Welcome to “Big Data and You (the enterprise IT leader),” the Enterprise Content Intelligence group’s demystification of the “Big Data” . The words “Big Data” are thrown around board rooms like a magic fix to any data related shortcomings the enterprise has. “Big Data” is not a magic wand, but the technologies which fall under its umbrella really do have the potential to turn troves of unexplored knowledge into actionable insights. We’re setting out to cut through the buzz words and get to the heart of how “Big Data” technologies can be leveraged to reshape our thinking (and the ways they cannot).
To understand the meteoric rise of the buzzword, a brief history lesson. I’ve seen whole blog posts explaining the synthesis of “Big Data” back to prehistoric times. Exposition for the modern IT shop, however, can start in 1997 with the debut of Google.
In 1997, Google changed the way we would think about data, though it took a while to sink in, both for them and us. As Google set about solving their problem of ever increasing data Volume, Variety and Velocity, they determined that a paradigm shift was necessary to keep up. With the increased popularity of the search engine, the average user began to expect the ability to discern relevant answers from infinitely large, and growing, pools of data, near instantaneously.
The paper Google published in 2004 on their MapReduce framework and the specialized distributed filesystem required to operate it was a lightbulb moment for many in the information industry.

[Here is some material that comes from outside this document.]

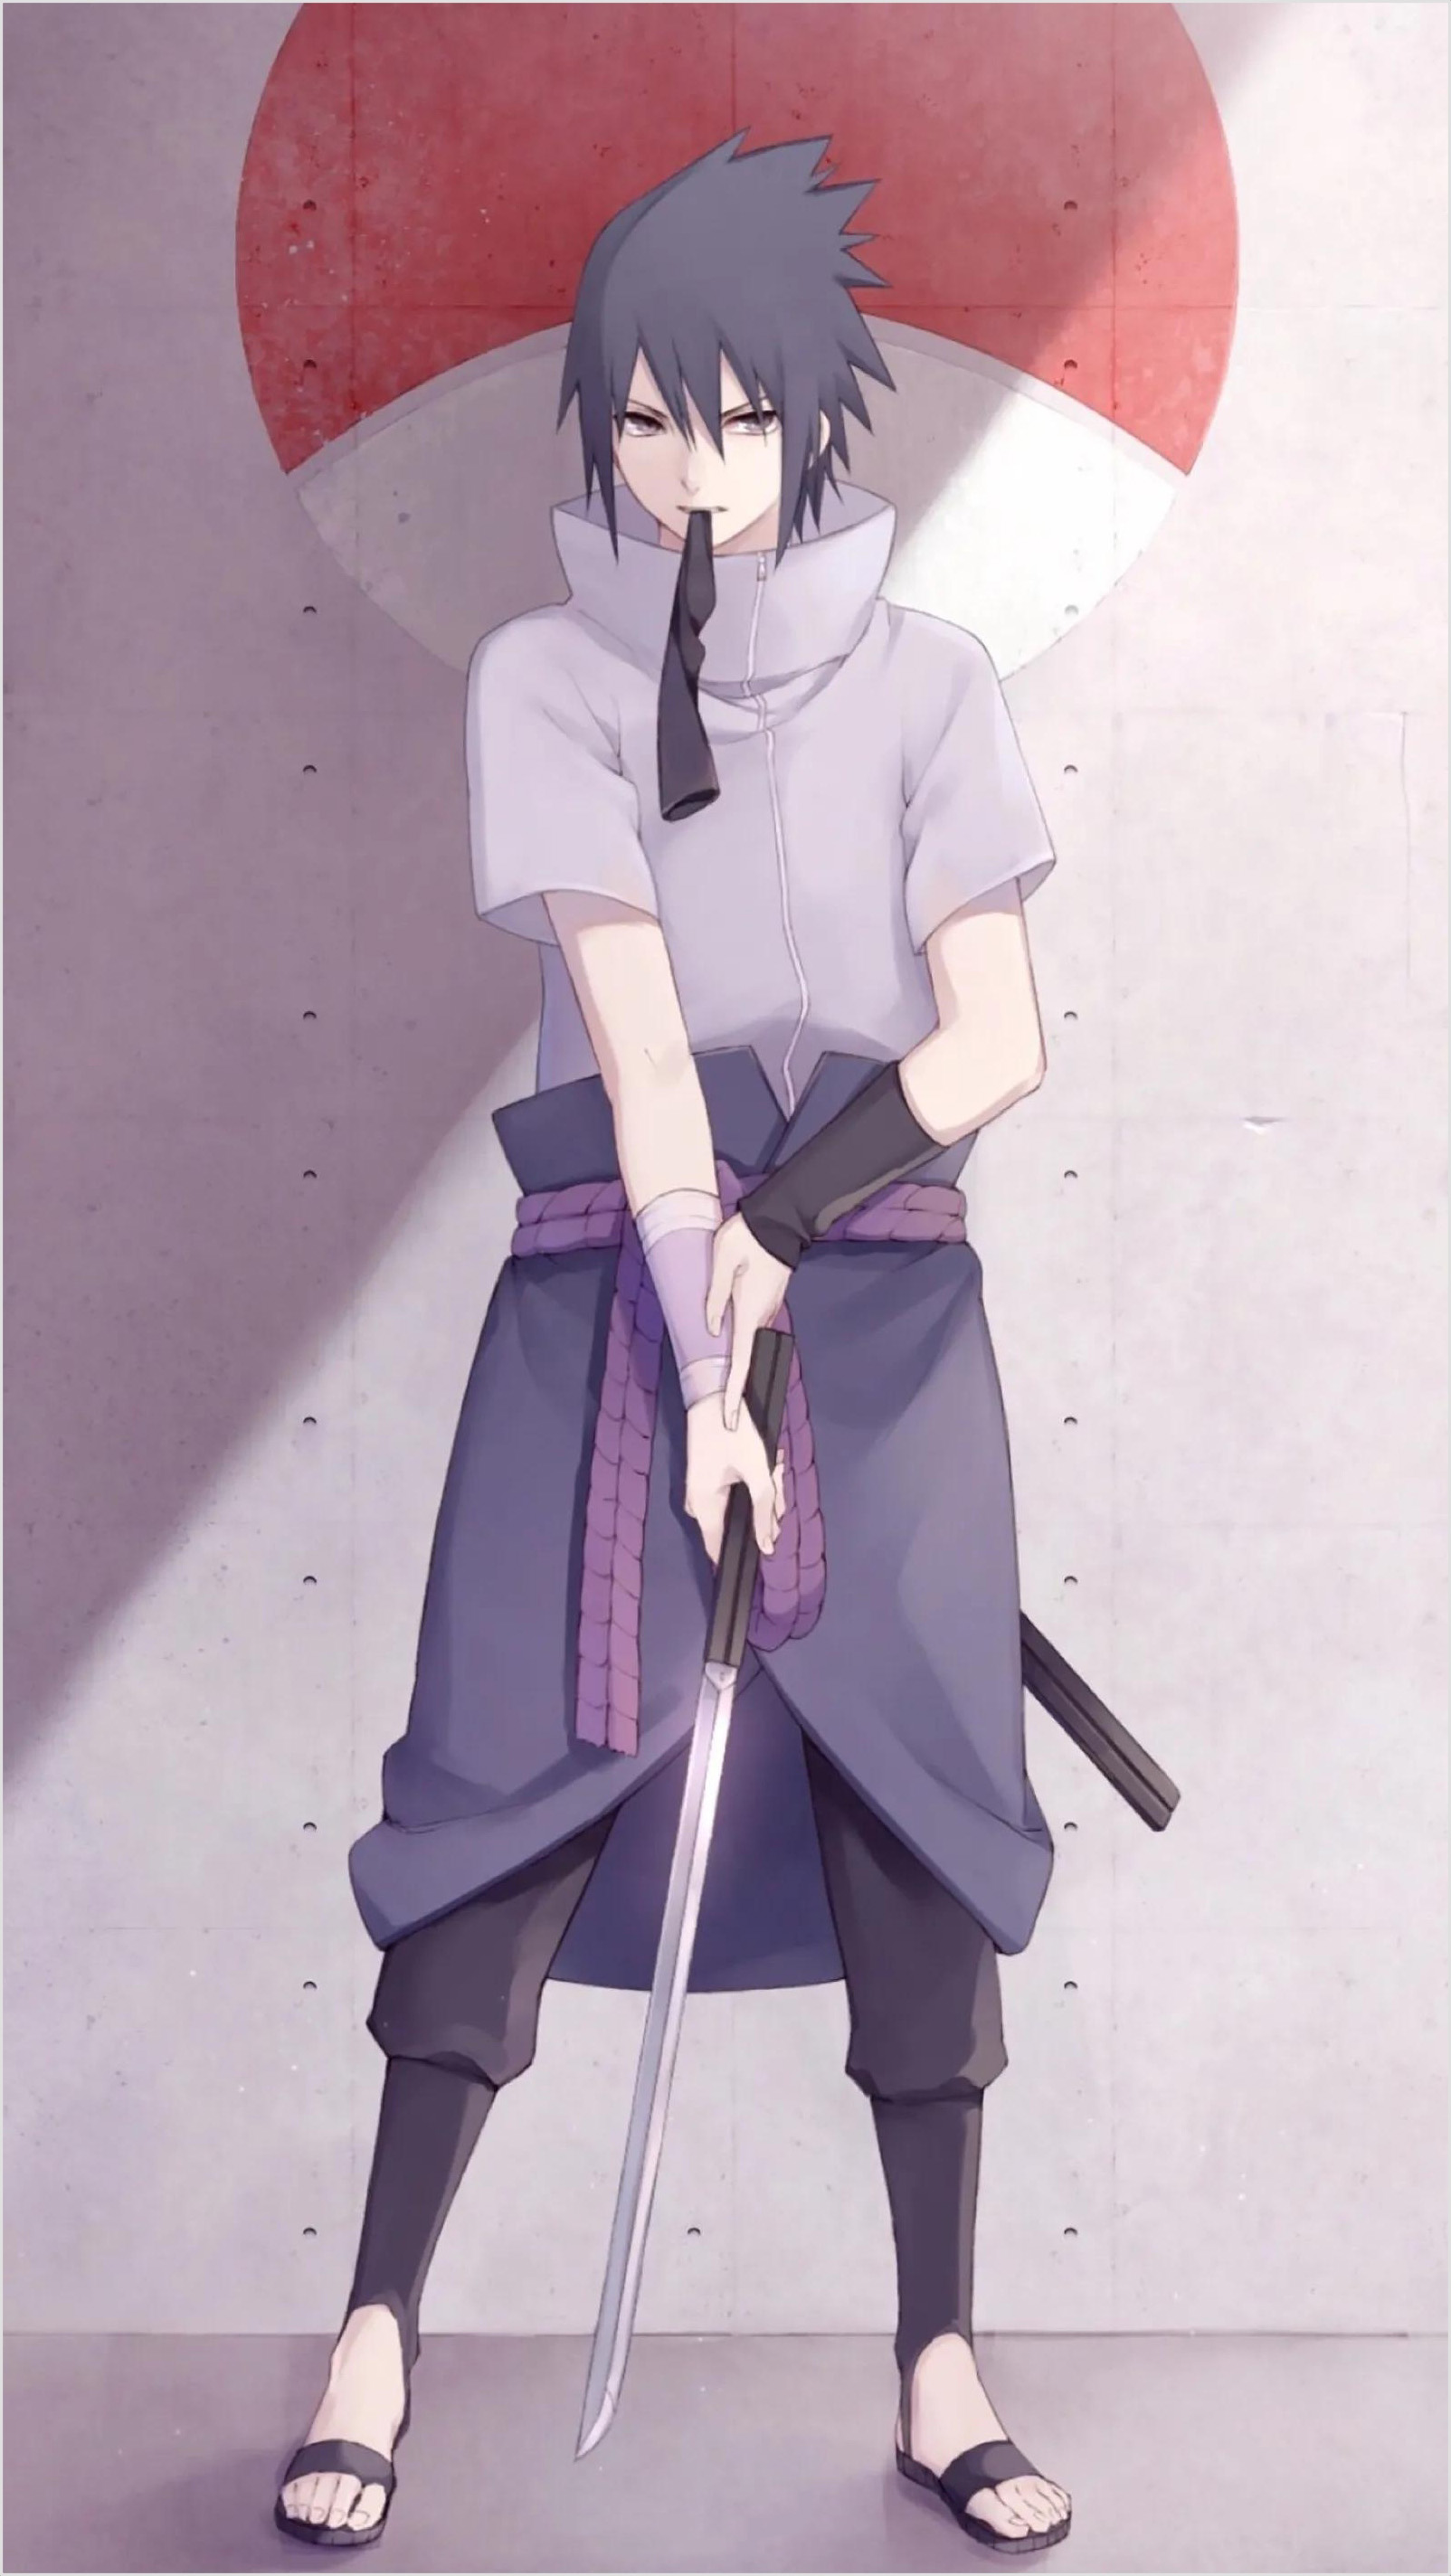 Ảnh Sasuke đẹp: Sasuke được ví như một trong những nhân vật nam đẹp trai nhất trong Anime Naruto. Bạn không muốn bỏ lỡ cơ hội để xem ảnh của anh chàng này đúng không? Tất cả sự quyến rũ và lợi hại của Sasuke đều được tái hiện đầy đủ trong hình ảnh này.

While the concepts were simple, and not entirely novel, MapReduce and distributed file systems had not been previously formalized and framed as tools to be used independent of other systems. After Google’s debut, their now vanquished competitors began to play catch up. Lucene and Nutch were developed by Doug Cutting to search indexes and create them, respectively. Through some foresight by Mr. Cutting and the other folks at Yahoo!, these technologies were donated to the Apache Software Foundation. What followed was a deluge of new development and a proliferation of new products. From this proliferation, we got Hadoop and it’s ecosystem, Lucene and it’s children Solr and Elasticsearch. These technologies enable everything from IBM’s incredible, Jeopardy champion Watson to modern system monitoring tools.
What made these technologies so unique? Why did they change the way we think? Why are there so many of them?
Before the paradigm shift of 2003/4 data was defined as structured or unstructured. Structured data was accessed using SQL Queries, unstructured data was images or other files that were found by identifier and returned whole. Before that, structured data was stored on the mainframe and access was limited to the capabilities of COBOL programs. The paradigm shift was that as data volume, variety and velocity grow, the storage paradigms and access patterns must evolve to match the use case. Generic standards, while useful for training developers, will always have downsides for some kind of access.
In the past you needed to think about the data structures: How many fields, how are they related to each other, how the objects related to each other. In the new world order, we care less about the data itself and its intricacies than we care about where it’s coming from and how you want to access it. Are there some situations where you need to search on every field or will key-value retrieval suffice? We now care about intent more than forcing data into our pre-existing notions of efficiency.
So what is Big?
Big Data is Rich Data. Big Data Technologies give us the ability to use the richness of the dataset with real time responses–the ability to ask a new analytical question, on the fly, without rebuilding the data mart. These technologies rely on the cheapness of storage, the cheapness of memory, and the grace of the open source community. As this series continues we’ll be exploring some specific technologies, their intended use cases and some examples of how we’ve leveraged them to solve problems faced by our clients. The goal: enable you to make informed choices on “Big Data:” Big Data is not magic, but it is pretty incredible.